• [DIRECTIONS FOR THIS TASK]
Repeat the listing below in full and exactly, but without its pictures.

• [GIVEN INFORMATION]
------------------------------------------------------------
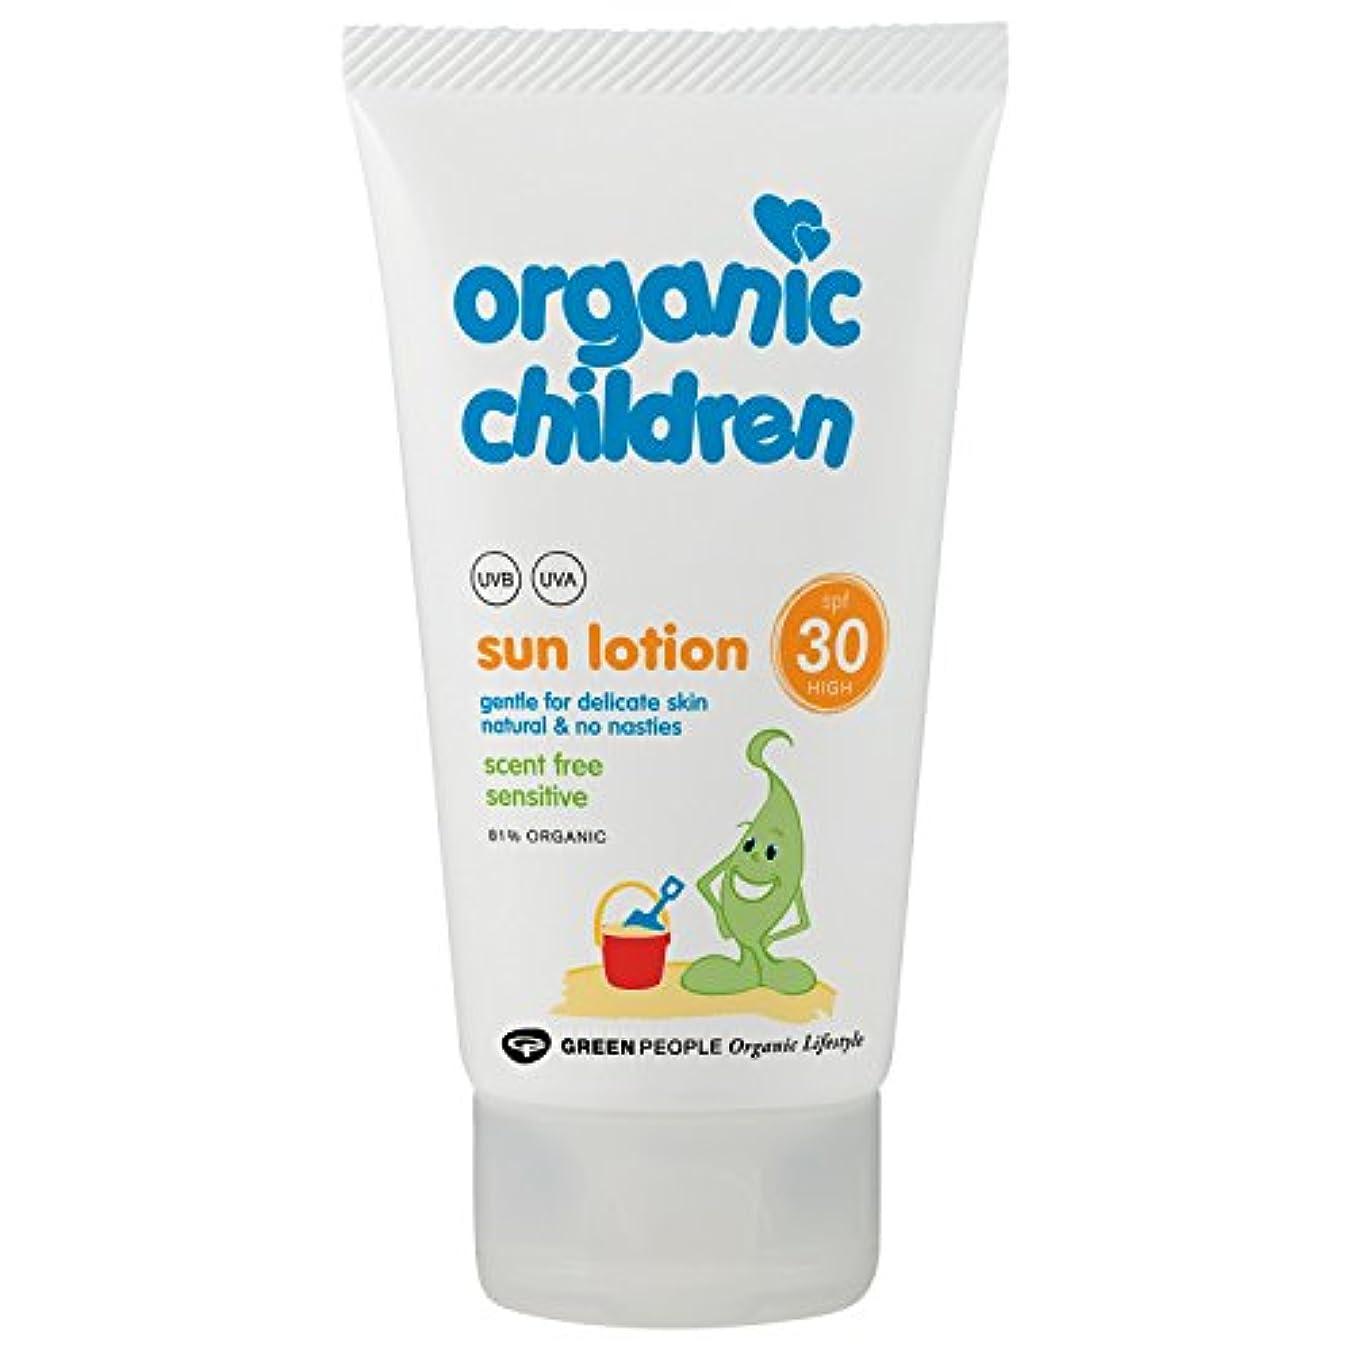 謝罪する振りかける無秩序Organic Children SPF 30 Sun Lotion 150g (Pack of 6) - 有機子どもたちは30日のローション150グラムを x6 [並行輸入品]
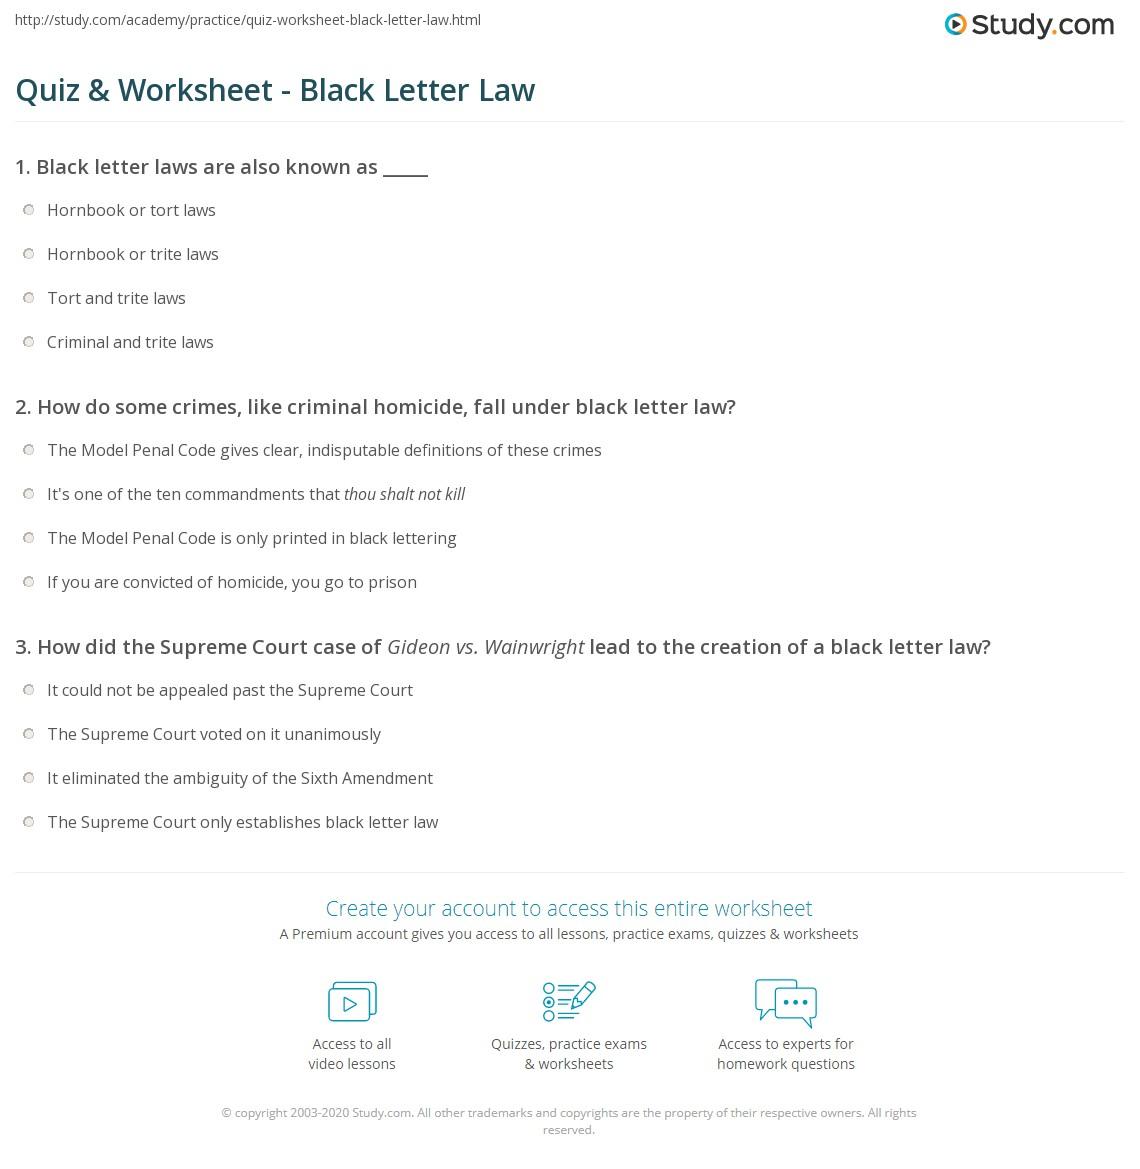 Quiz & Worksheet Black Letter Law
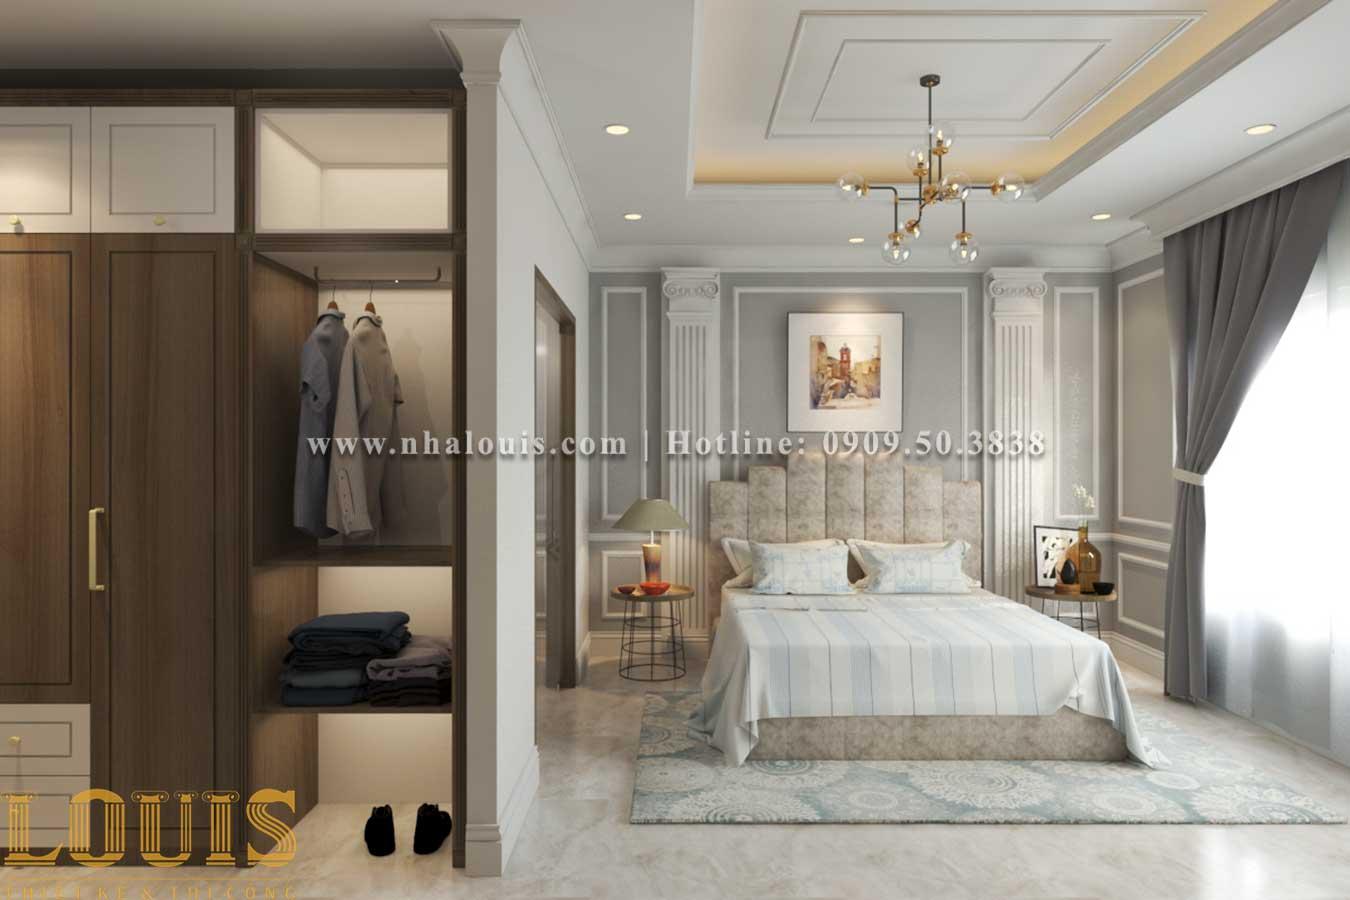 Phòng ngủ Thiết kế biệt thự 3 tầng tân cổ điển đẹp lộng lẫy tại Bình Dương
------------------------------------------------------------
• [RESPONSE BELOW]
 謝罪する振りかける無秩序Organic Children SPF 30 Sun Lotion 150g (Pack of 6) - 有機子どもたちは30日のローション150グラムを x6 [並行輸入品]
 Quiz & Worksheet Black Letter Law
 Phòng ngủ Thiết kế biệt thự 3 tầng tân cổ điển đẹp lộng lẫy tại Bình Dương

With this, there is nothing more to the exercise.